[ASSIGNMENT] Produce an exact copy of all the data below, dropping every image.

[DATASET CONTENT]
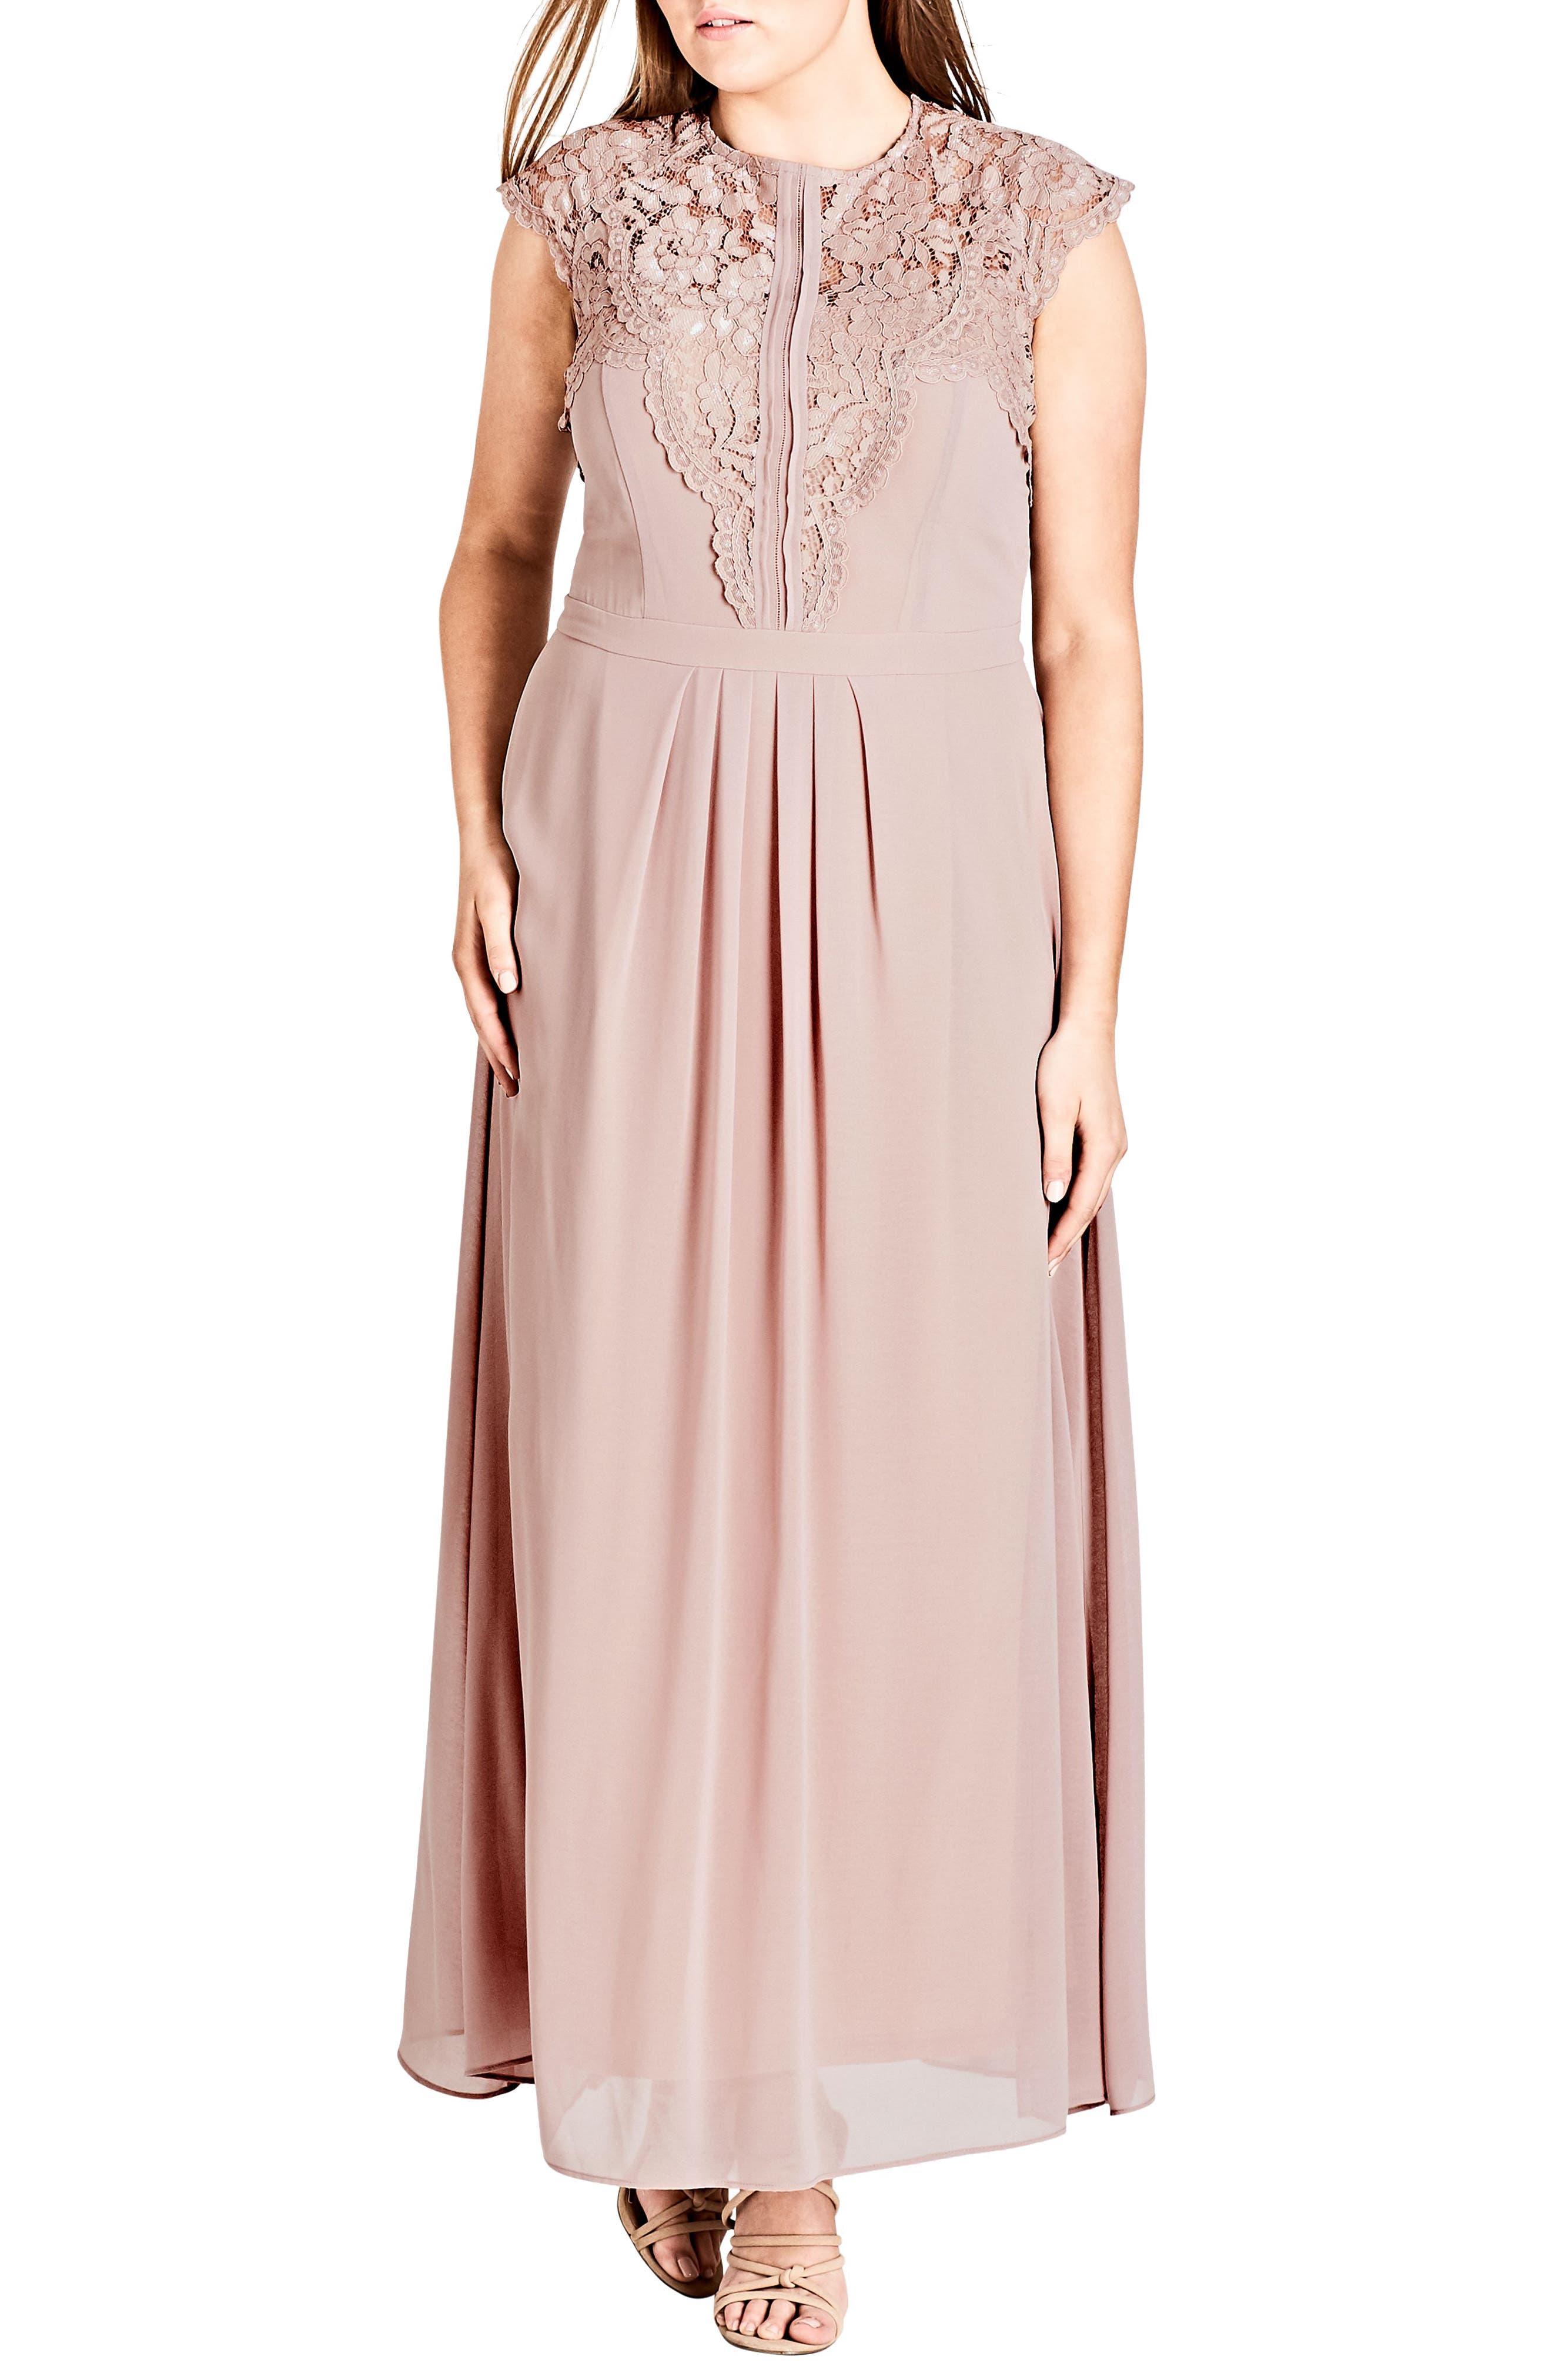 Lace Bodice Maxi Dress,                             Main thumbnail 1, color,                             MUSHROOM
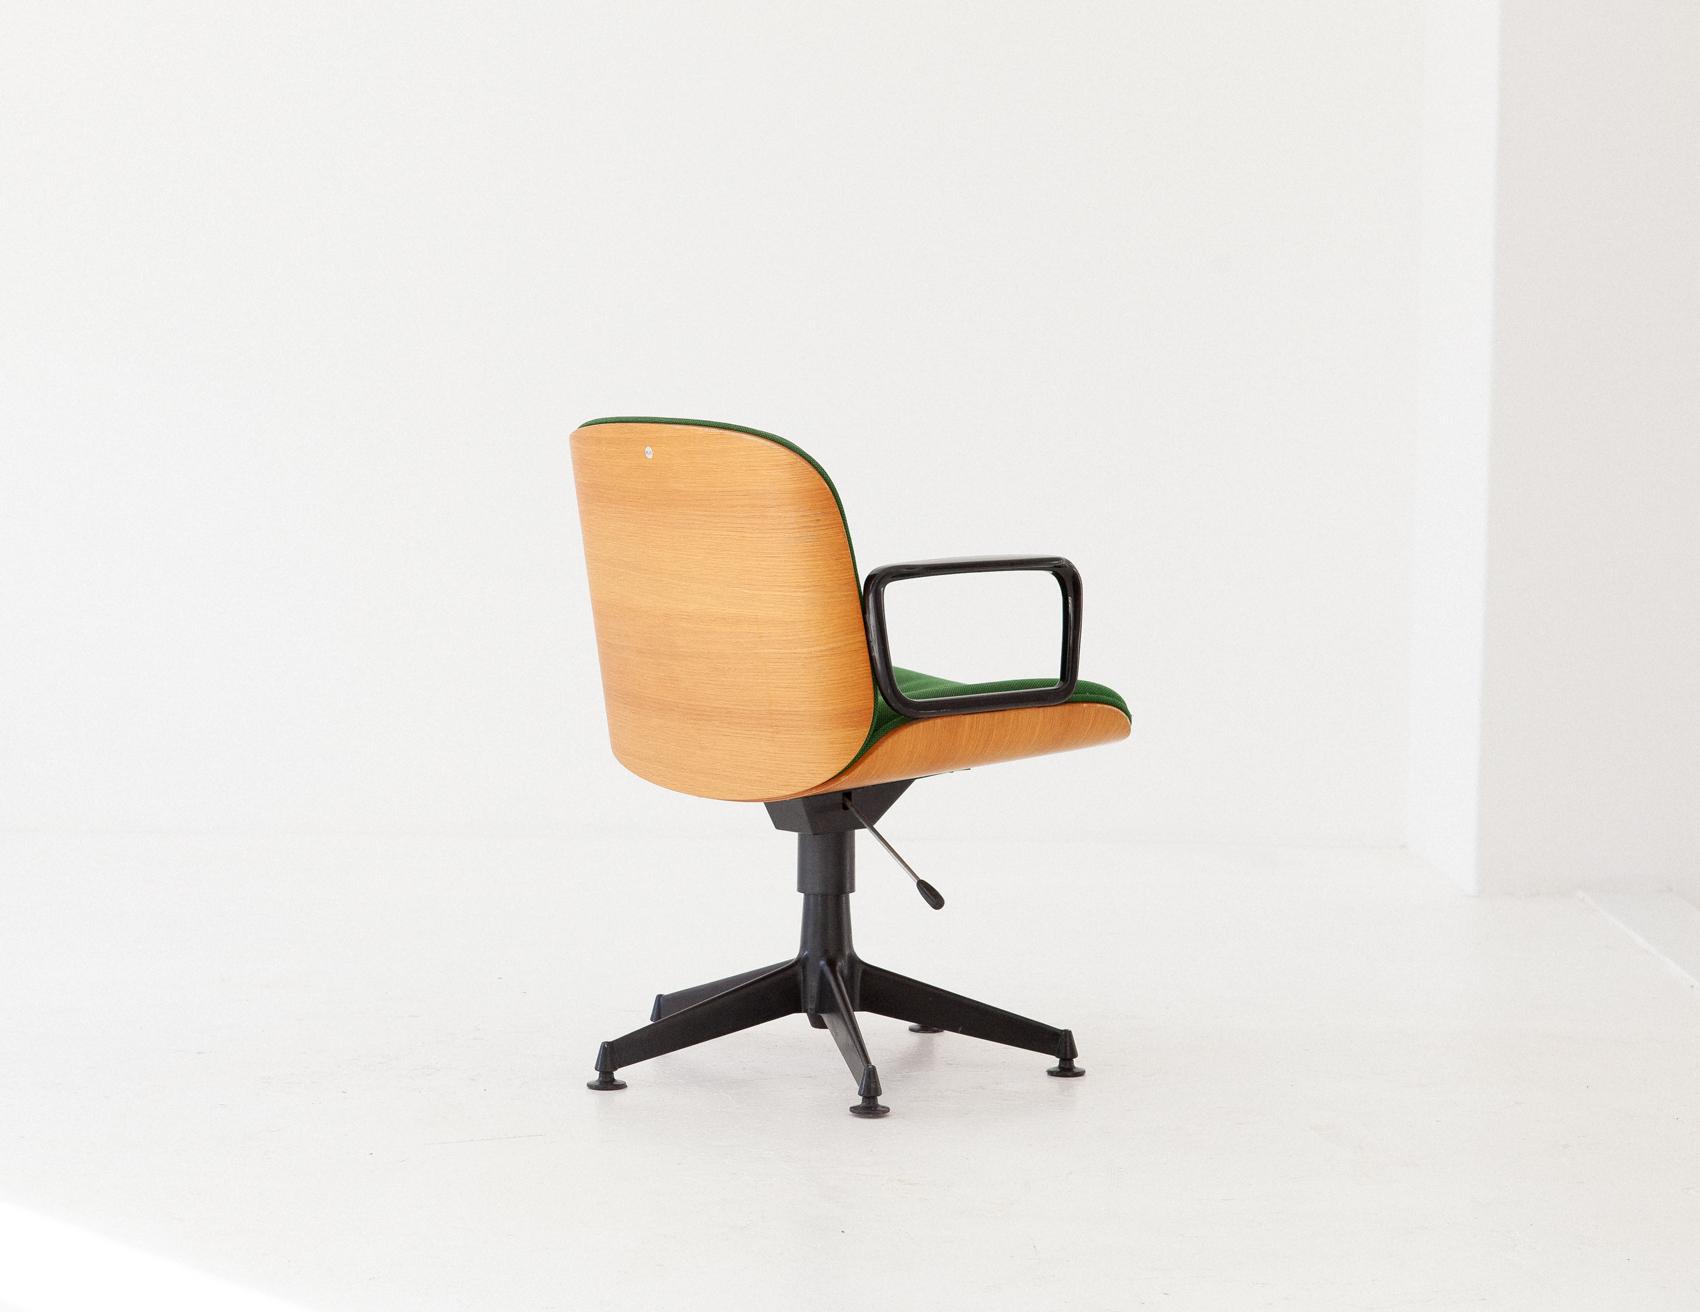 SE278-swivel-armchair-ico-parisi-mim-3
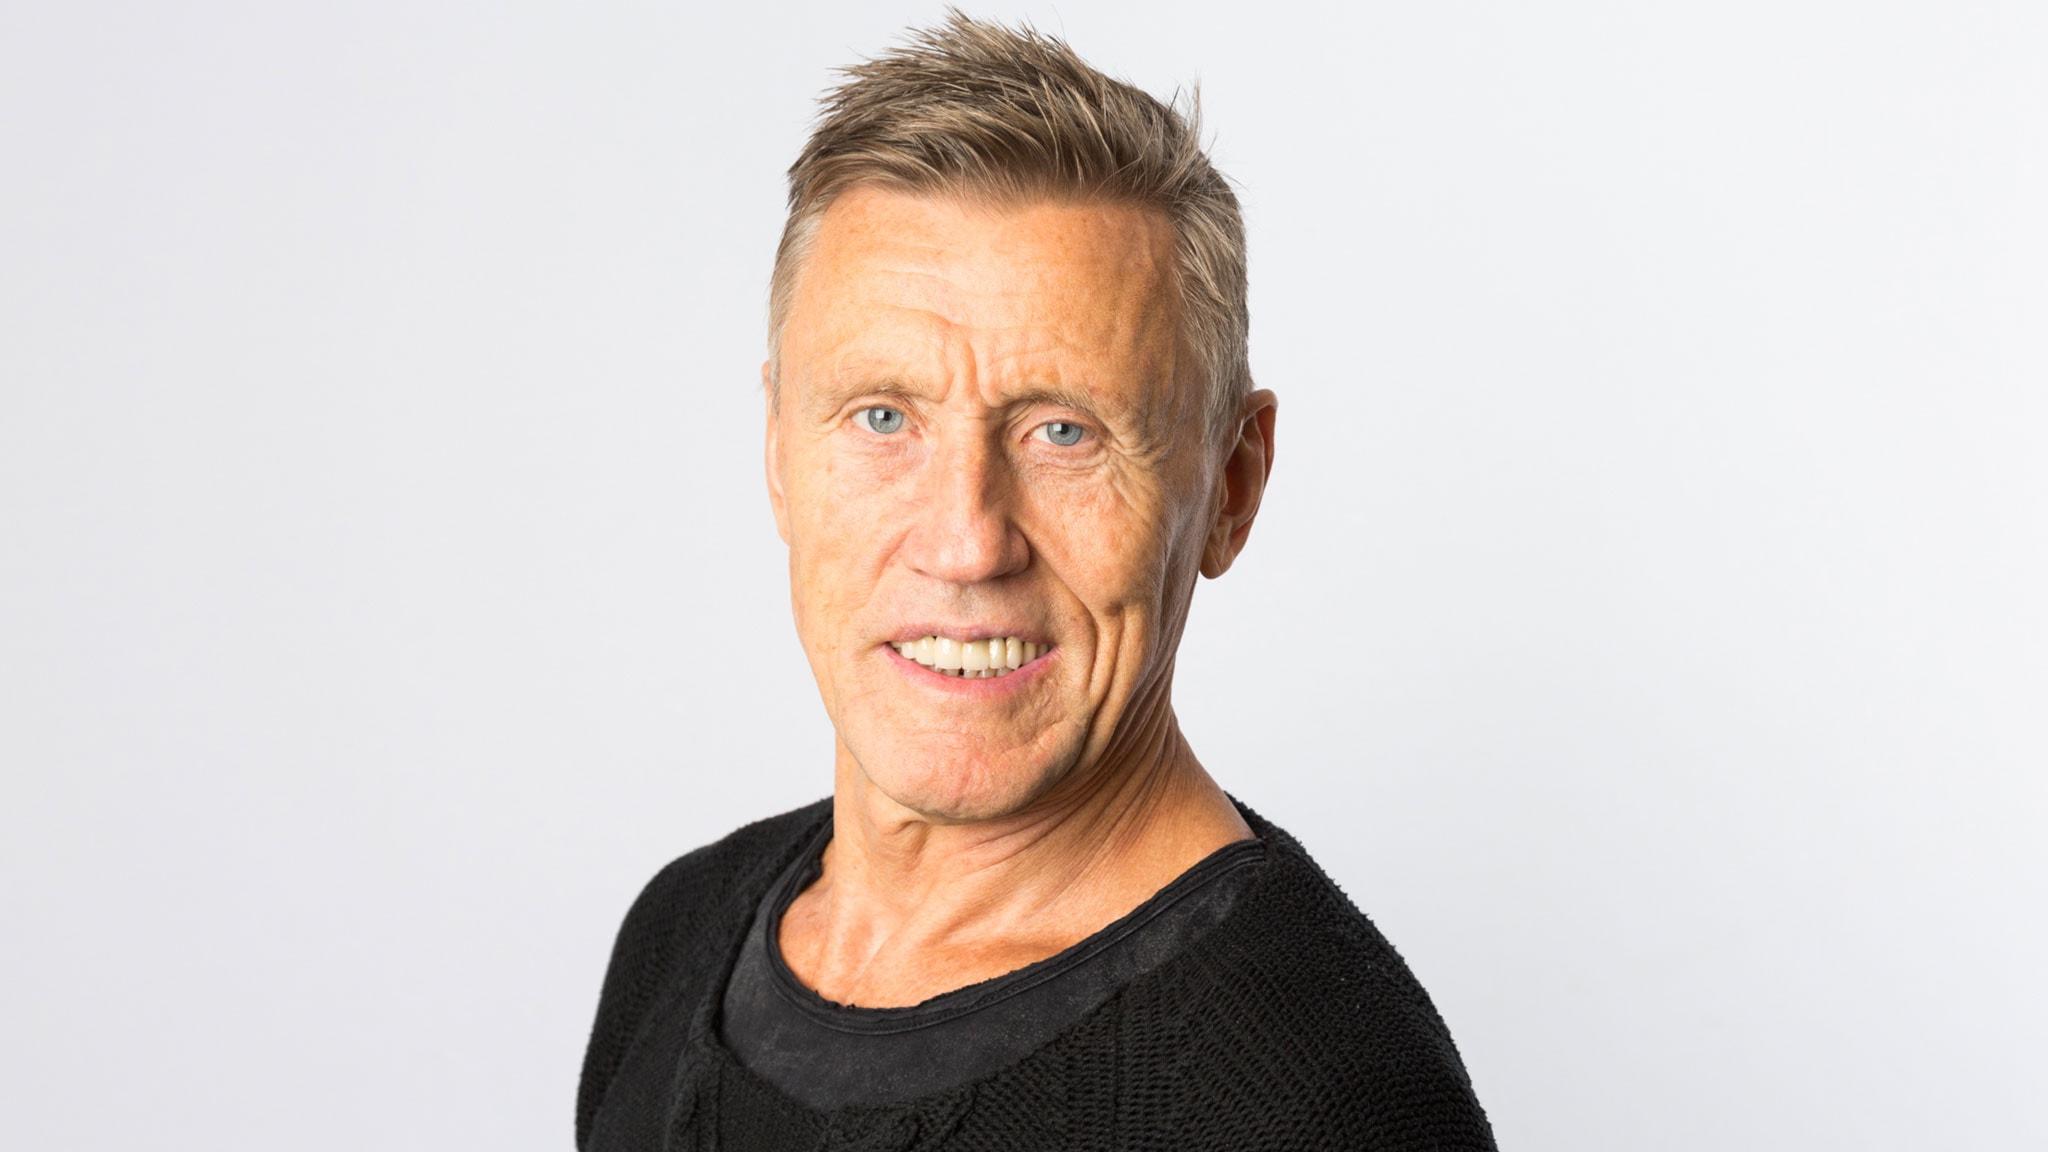 Börje Salming. Foto: Mattias Ahlm/Sveriges Radio
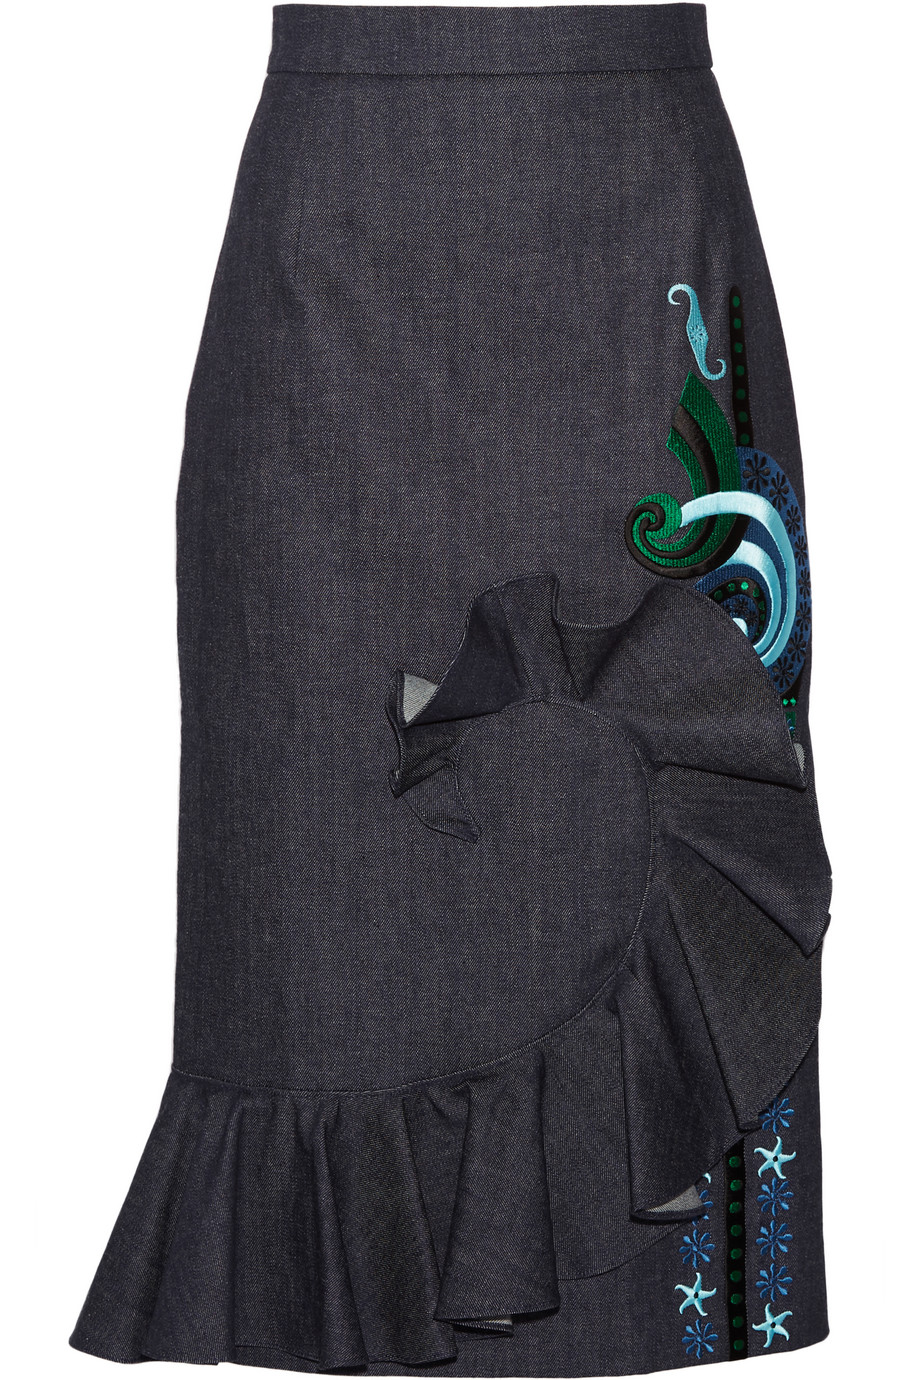 Holly Fulton Ruffled Embroidered Denim Midi Skirt, Dark Denim, Women's, Size: 10

[EXERCISE RESPONSE]
 Lace Bodice Maxi Dress,                             Main thumbnail 1, color,                             MUSHROOM
 SE278-swivel-armchair-ico-parisi-mim-3
 Börje Salming. Foto: Mattias Ahlm/Sveriges Radio
 Holly Fulton Ruffled Embroidered Denim Midi Skirt, Dark Denim, Women's, Size: 10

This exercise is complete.